# I Ritardi



## LDS (27 Settembre 2014)

Siete puntuali?!

ho appena ricevuto un messaggio dicente: sono desolata, avrò mezz'ora di ritardo. E cazzo non potevi dirmelo mezzoretta prima no!?


----------



## Eratò (27 Settembre 2014)

LDS ha detto:


> Siete puntuali?!
> 
> ho appena ricevuto un messaggio dicente: sono desolata, avrò mezz'ora di ritardo. E cazzo non potevi dirmelo mezzoretta prima no!?


puntualissima.arrivo sempre 10 minuti prima e finisco per aspettare...però sapevo che gli inglesi in fatto di puntualità sono impeccabili....luogo comune?


----------



## giorgiocan (27 Settembre 2014)

LDS ha detto:


> Siete puntuali?!
> 
> ho appena ricevuto un messaggio dicente: sono desolata, avrò mezz'ora di ritardo. E cazzo non potevi dirmelo mezzoretta prima no!?


A meno che non succeda qualcosa di oggettivamente problematico - nel qual caso avverto appena posso - sono puntualissimo. Il più delle volte arrivo leggermente in anticipo. Per me è indice di rispetto, ma credo di essere all'antica.


----------



## LDS (27 Settembre 2014)

Erato' ha detto:


> puntualissima.arrivo sempre 10 minuti prima e finisco per aspettare...però sapevo che gli inglesi in fatto di puntualità sono impeccabili....luogo comune?

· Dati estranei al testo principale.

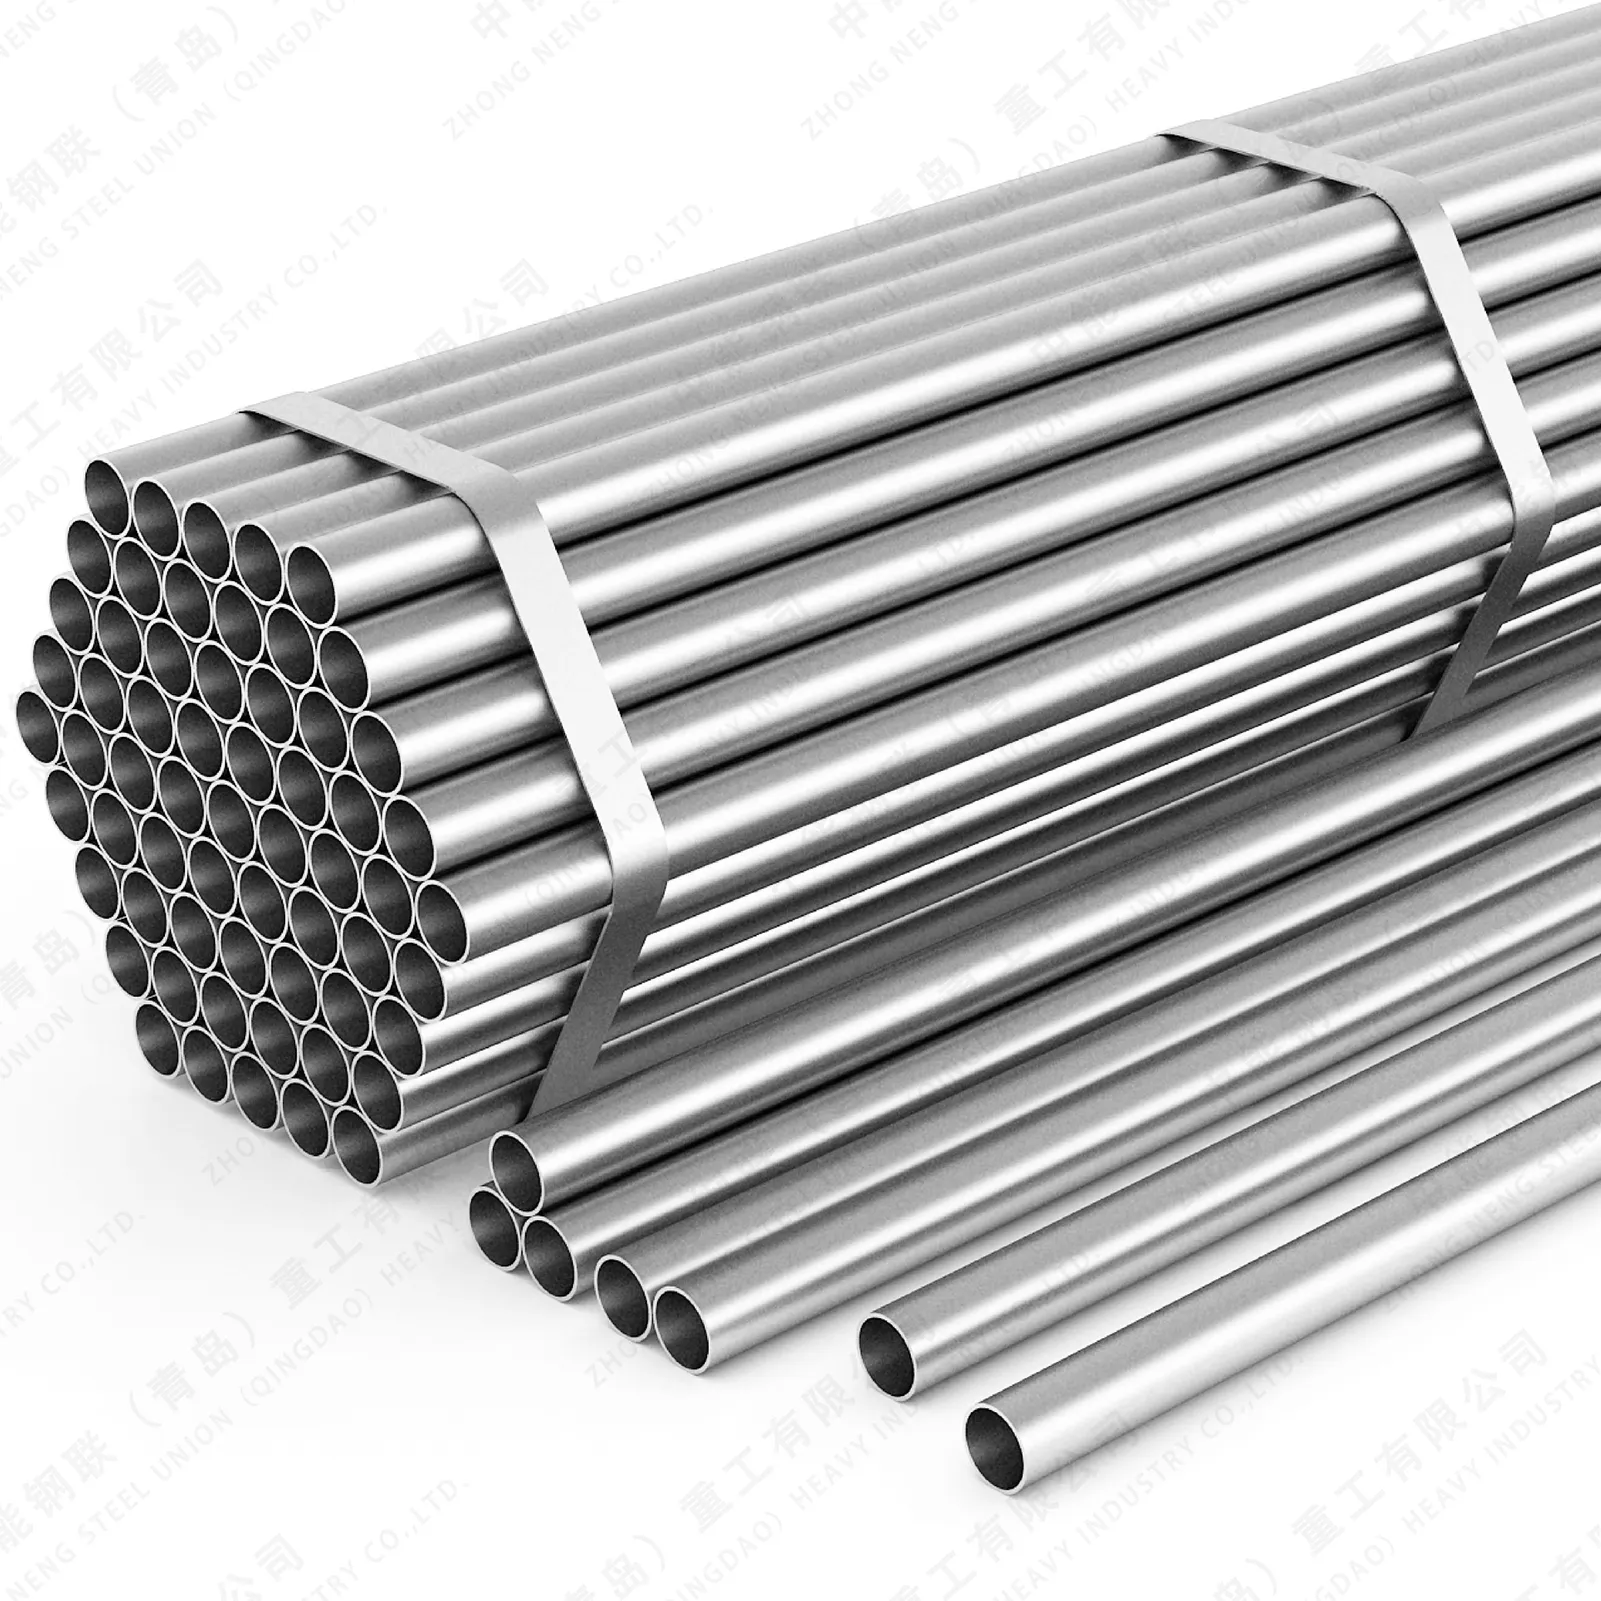 China SUS304 Stainless Steel Pipe Sch10 Stainless Steel 304 Pipe Prices

Non è inglese bensì estone. Non l'ho mai vista in orario una volta.


----------



## aristocat (27 Settembre 2014)

LDS ha detto:


> Siete puntuali?!
> 
> ho appena ricevuto un messaggio dicente: sono desolata, avrò mezz'ora di ritardo. E cazzo non potevi dirmelo mezzoretta prima no!?

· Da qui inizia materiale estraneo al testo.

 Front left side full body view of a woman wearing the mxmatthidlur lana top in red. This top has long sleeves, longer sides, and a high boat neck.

In costante ritardo e sempre di corsa :carneval:


----------



## LDS (27 Settembre 2014)

giorgiocan ha detto:


> A meno che non succeda qualcosa di oggettivamente problematico - nel qual caso avverto appena posso - sono puntualissimo. Il più delle volte arrivo leggermente in anticipo. Per me è indice di rispetto, ma credo di essere all'antica.


Ma difatti io sono arrivato 12 minuti prima. E mi ha avvisato quando era già in ritardo di 5 minuti. Ma cazzo lo sai molto prima che sei in ritardo. Non sei ancora uscita di casa per prepararti quando dovresti essere in centro, ma avvisa cristo.
poi mi aspetto che la mezz'ora diventi un'ora come minimo.


----------



## Eratò (27 Settembre 2014)

LDS ha detto:


> Non è inglese bensì estone. Non l'ho mai vista in orario una volta.

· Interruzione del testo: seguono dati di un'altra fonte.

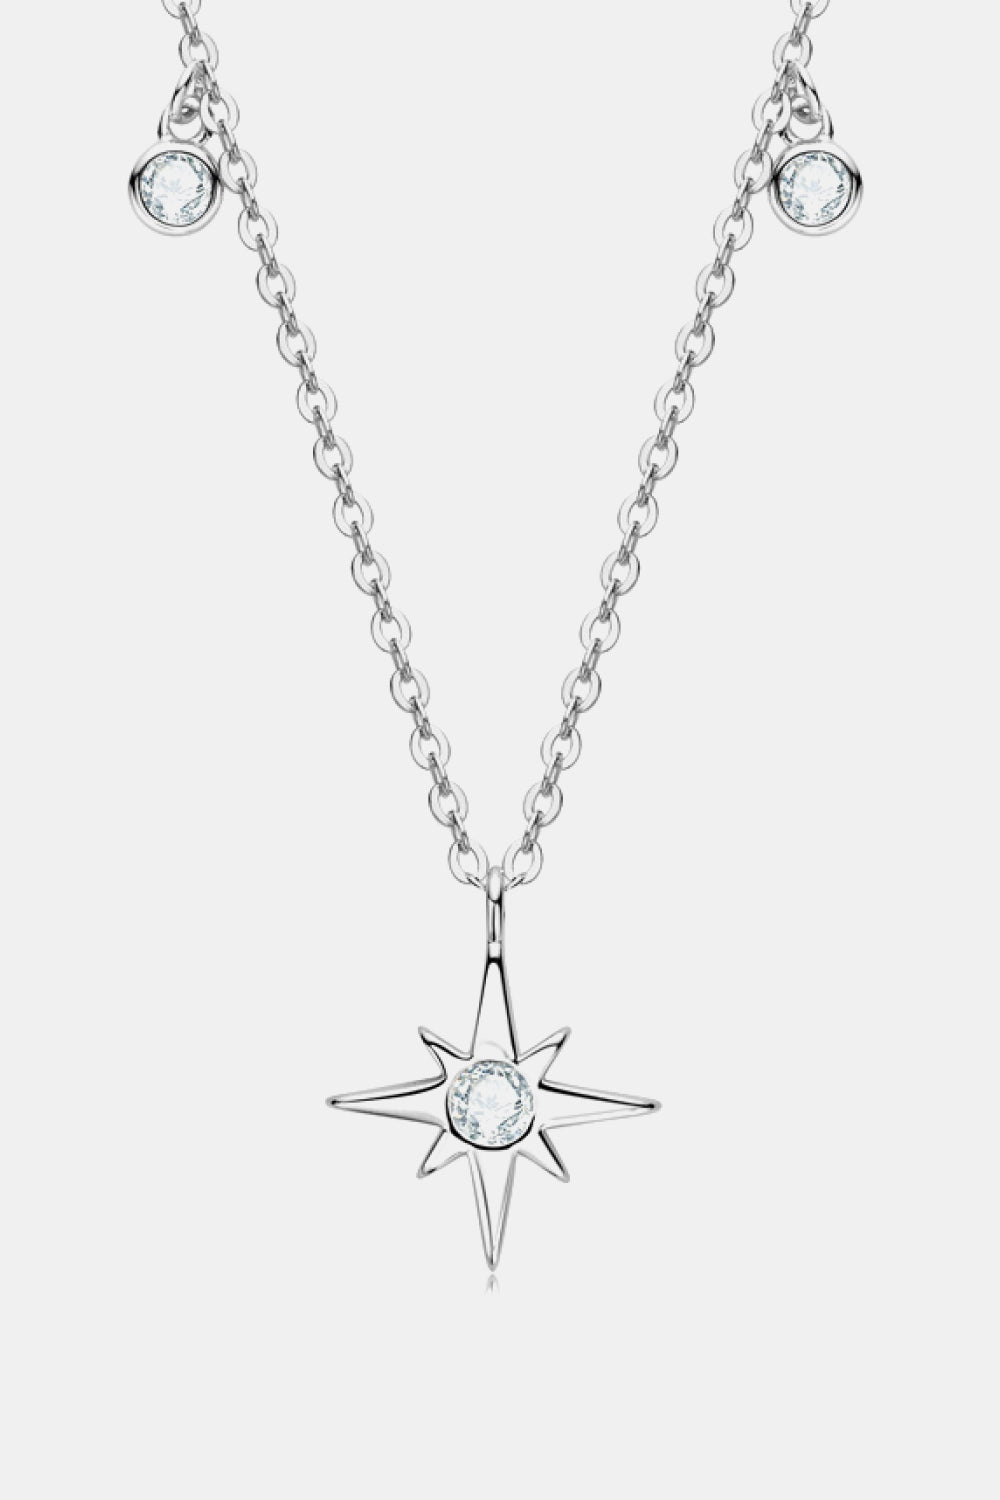 .2 Carat Moissanite North Star Pendant 925 Sterling Silver Necklace

stai aspettando elena? vabbe le donne spesso fanno tardi agli appuntamenti...vogliono farsi desiderare e poi si stara facendo bellissima per te


----------



## Nocciola (27 Settembre 2014)

Puntualissima anche in anticipo praticamente sempre. Odio farmi aspettare.
Basta non aspettarla e vedi che la prossima volta é in orario.
É come quando ci sono le gite o i gruppi di escursione e la gente arriva tardi. Provare a lasciarli giù.
Primo appuntamento e ritarda? A me girerebbero a elica.
Oggi ho fatto un'escursione e avevamo l'autista che ci aspettava alle 16. Alle 16.30 ha chiuso le porte ed è partito lSciando due americani e 4 italiani giù. Ho esultato


----------



## Nocciola (27 Settembre 2014)

Erato' ha detto:


> stai aspettando elena? vabbe le donne spesso fanno tardi agli appuntamenti...vogliono farsi desiderare e poi si stara facendo bellissima per te


Non posso mettere la faccina che sbatte la testa per terra....


----------



## LDS (27 Settembre 2014)

Erato' ha detto:


> stai aspettando elena? vabbe le donne spesso fanno tardi agli appuntamenti...vogliono farsi desiderare e poi si stara facendo bellissima per te


Si, ma attendere mezz'ora mi fa girare i coglioni.


----------



## Eratò (27 Settembre 2014)

farfalla ha detto:


> Non posso mettere la faccina che sbatte la testa per terra....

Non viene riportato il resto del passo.